Prancha botânica de Dianthus cintranus subsp. cintranus com tufo de folhas estreitas, caules lenhosos baixos e flores rosa de pétalas serradas
Perene Exigente

Cravo-de-Sintra

Dianthus cintranus subsp. cintranus · Caryophyllaceae

Cravo endémico do litoral de Sintra, classificado Em Perigo em Portugal continental, cuja propagação se restringe a programas autorizados e rastreáveis.

ExposiçãoSol costeiro e vento, com humidade atlântica
ÁguaBaixa; neblina e chuva sazonal sem saturação
CicloCaméfito perene de base lenhosa
SoloRocha e solo raso costeiro, mineral e drenado
pH5,5–7,5
EspaçoDefinido por estudo de população

Do início ao estabelecimento

Como plantar

  1. Tratar como espécie ameaçada

    Não recolha flores, estacas ou sementes e não aceite material sem documento da entidade responsável.

  2. Preservar estrutura genética

    O protocolo deve definir fundadores, cruzamentos, tamanho efetivo e separação de outras subespécies.

  3. Imitar o litoral de origem

    Use rocha mineral, vento controlado, salpico indireto e humidade atmosférica, sem criar solo de jardim fértil.

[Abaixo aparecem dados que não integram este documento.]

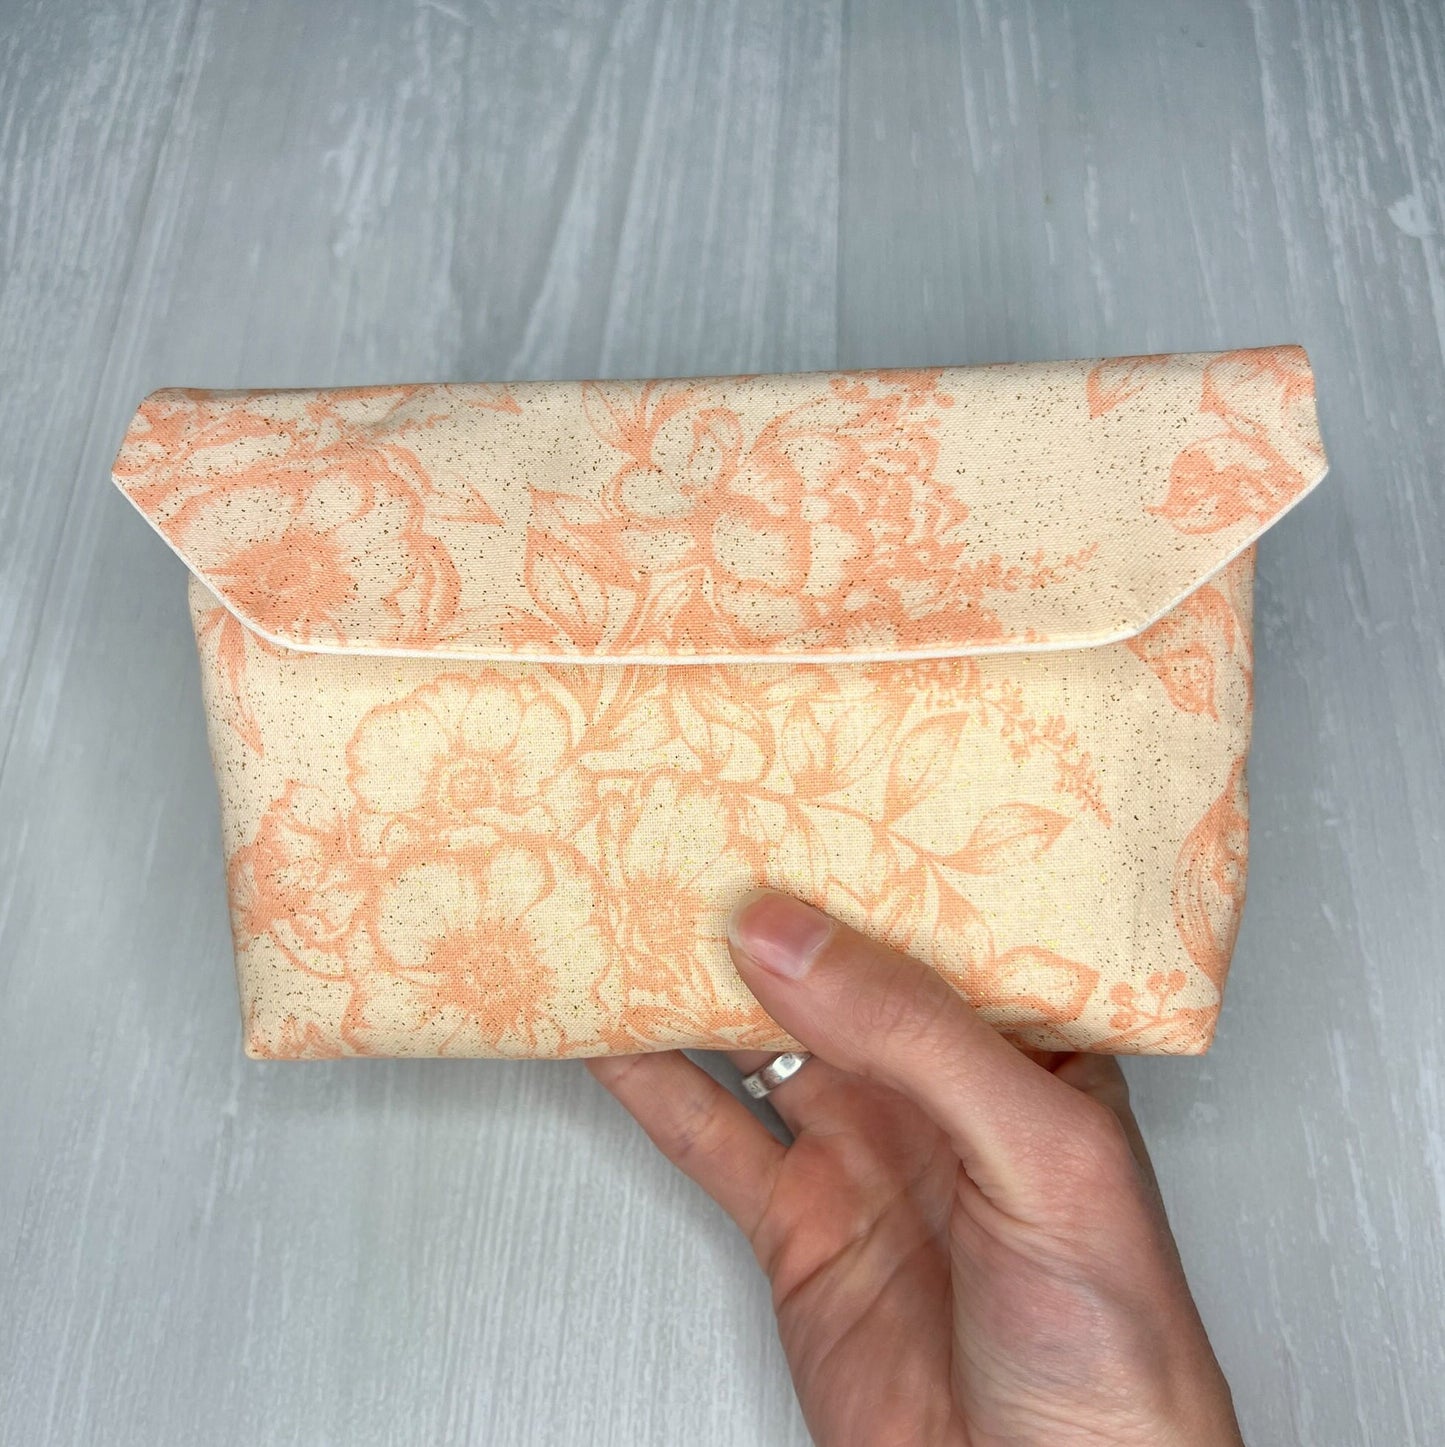 Floral Magnetic Clasp Tarot Clutch Pouch, Peach Fold Over Tarot Pouch, Tarot Reading Gifts Supplies & Accessories, Tarot Card Storage Holder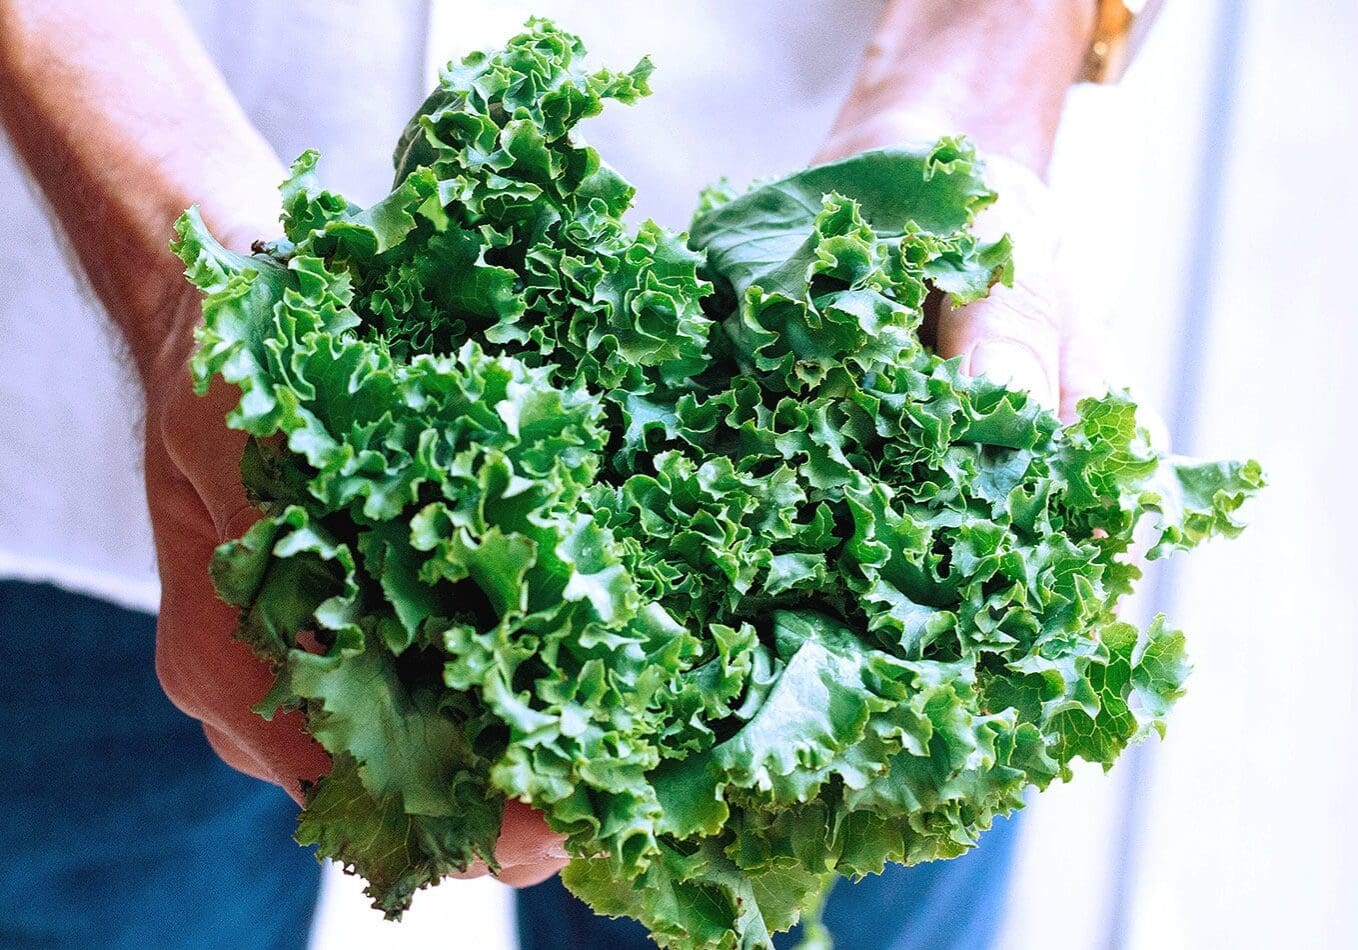 Get Your Leafy Greens On!

  4. Liberar apenas por decisão formal

    Nenhuma planta ex situ deve ser colocada na natureza sem avaliação sanitária, genética e autorização.

Janelas nacionais

Calendário

Plantar
JanFevMarAbrMaiJunJulAgoSetOutNovDez

Estas são janelas de referência. Atrase com geada e altitude; antecipe em encostas quentes e zonas costeiras suaves.

Depois de plantar

Cuidados essenciais

Conservar a forma natural

Não selecionar flores maiores, cores distintas ou porte compacto como numa cultivar ornamental.

Impedir cruzamentos

Isole de outros Dianthus e sincronize acesso de polinizadores segundo o plano de reprodução.

Arquivar sementes duplicadas

Quando autorizado, mantenha lotes secos com testes de viabilidade e duplicação em banco reconhecido.

Diagnóstico antes de tratar

Problemas frequentes

ProblemaComo reconhecerPrimeira resposta
Contaminação genéticaOutros cravos florescem perto ou há etiquetas de subespécie incompletas.Suspender polinização e sementes e solicitar auditoria genética ou taxonómica.
Excesso de fertilidadeCaules moles, tombados e maior incidência de podridão.Reduzir azoto e reproduzir solo raso e mineral do habitat.
Destino não autorizadoPedido de planta para jardim, troca privada ou “reforço” informal.Recusar transferência e encaminhar para o ICNF ou instituição responsável.

A presença no catálogo é educativa. O cravo-de-Sintra não deve ser tratado como ornamental disponível nem deslocado entre populações ou jardins.

Contexto português

Adequação regional

Norte litoral Fora da distribuição de conservação; apenas coleção científica licenciada e contida.
Norte interior Fora da distribuição natural; sem translocação por semelhança climática ou geológica.
Centro litoral Pode incluir núcleos regionais específicos, mas toda intervenção depende de plano e autorização.
Centro interior Fora do núcleo conhecido; não criar populações artificiais em serras semelhantes.
Lisboa e Vale do Tejo Região central da ocorrência conhecida, mas recolha, propagação e reforço exigem autoridade competente.
Alentejo Só onde a ocorrência natural esteja documentada e dentro de projeto formal de conservação.
Algarve Não introduzir fora dos núcleos naturais mesmo em calcário aparentemente compatível.
Açores Nunca introduzir endemismo continental nos Açores; manter biossegurança da flora insular.
Madeira Nunca introduzir endemismo continental na Madeira; conservar separação biogeográfica.